___ Material shown ___
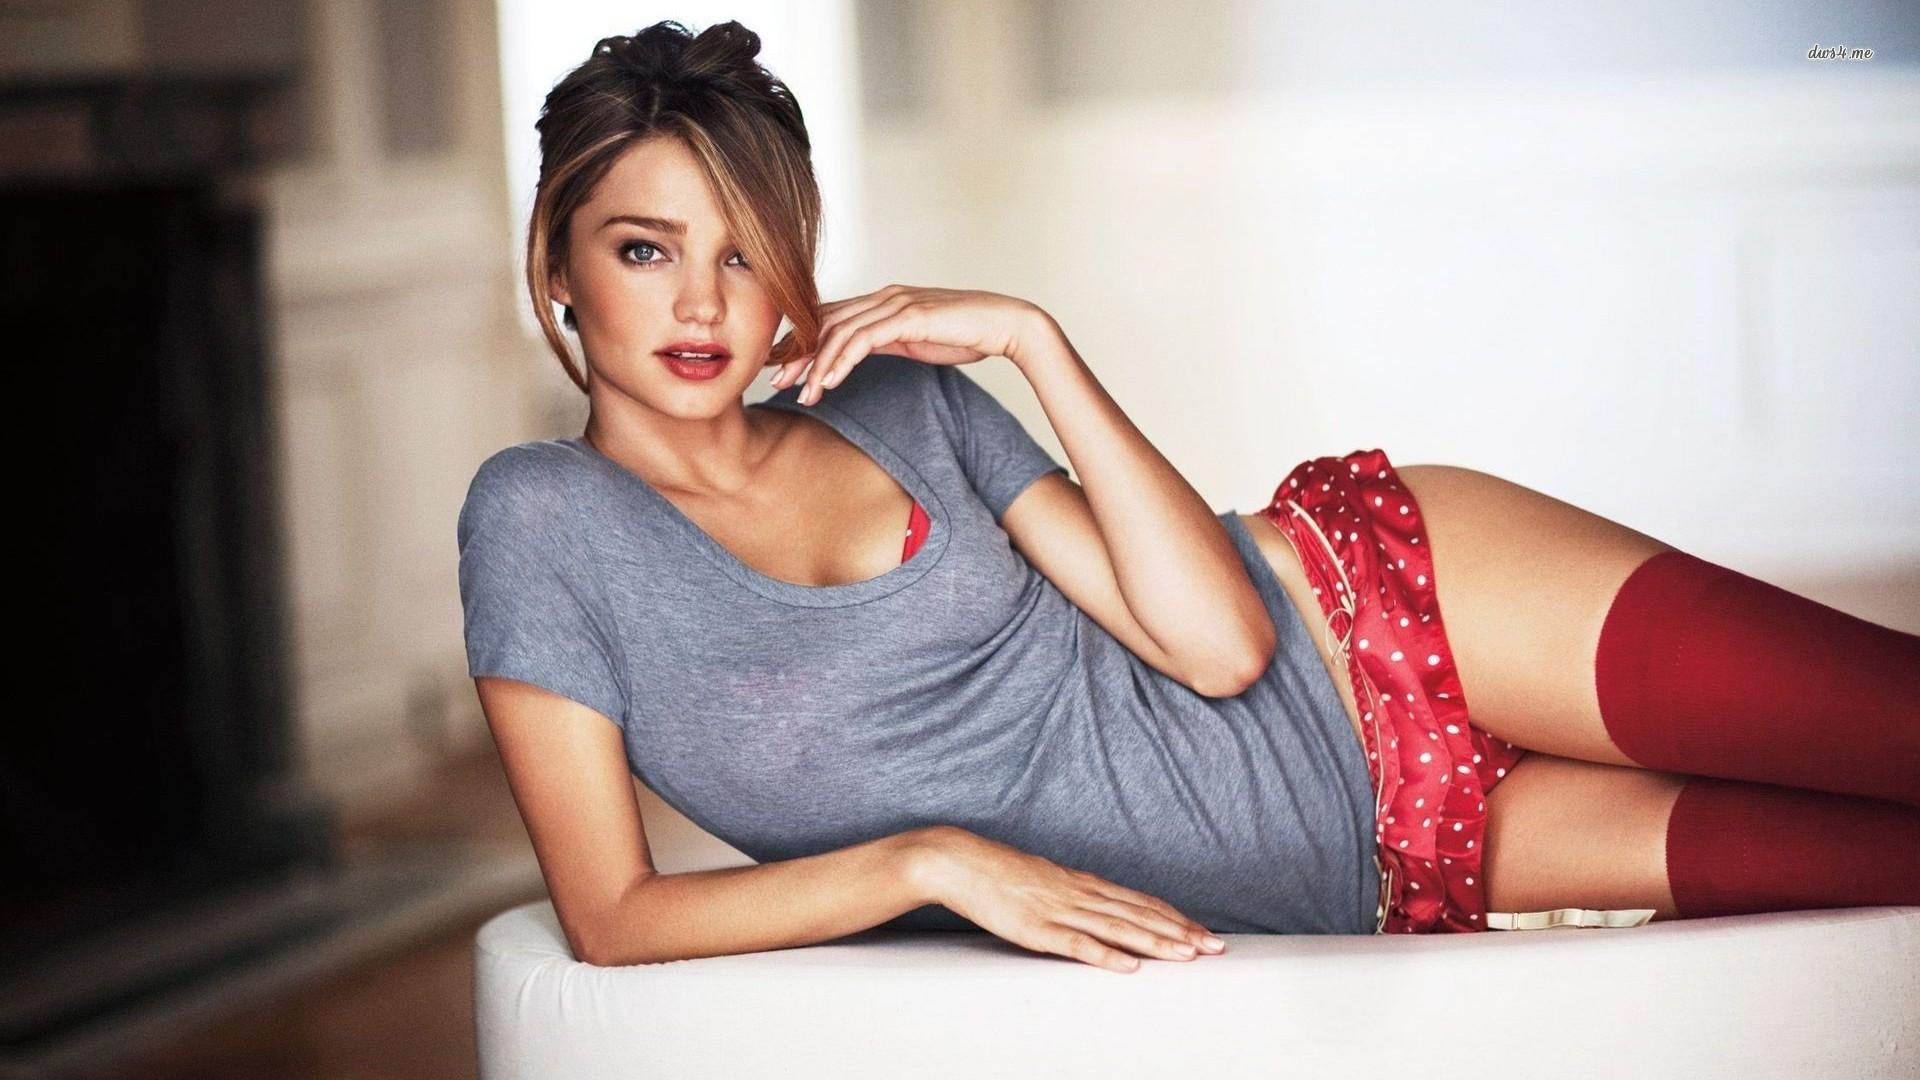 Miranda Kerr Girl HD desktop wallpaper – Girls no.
___
___ Material shown ___
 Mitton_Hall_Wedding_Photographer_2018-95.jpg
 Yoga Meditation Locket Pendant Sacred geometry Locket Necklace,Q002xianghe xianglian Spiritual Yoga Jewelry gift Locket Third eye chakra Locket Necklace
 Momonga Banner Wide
___
* **What is needed**: From the records above, transcribe exactly the run of lines that opens with the line holding "Mitton_Hall_Wedding_Photographer_2018-95.jpg" and closes with the line holding "Momonga Banner Wide", both included.

* **Answer to the problem**:
 Mitton_Hall_Wedding_Photographer_2018-95.jpg
 Yoga Meditation Locket Pendant Sacred geometry Locket Necklace,Q002xianghe xianglian Spiritual Yoga Jewelry gift Locket Third eye chakra Locket Necklace
 Momonga Banner Wide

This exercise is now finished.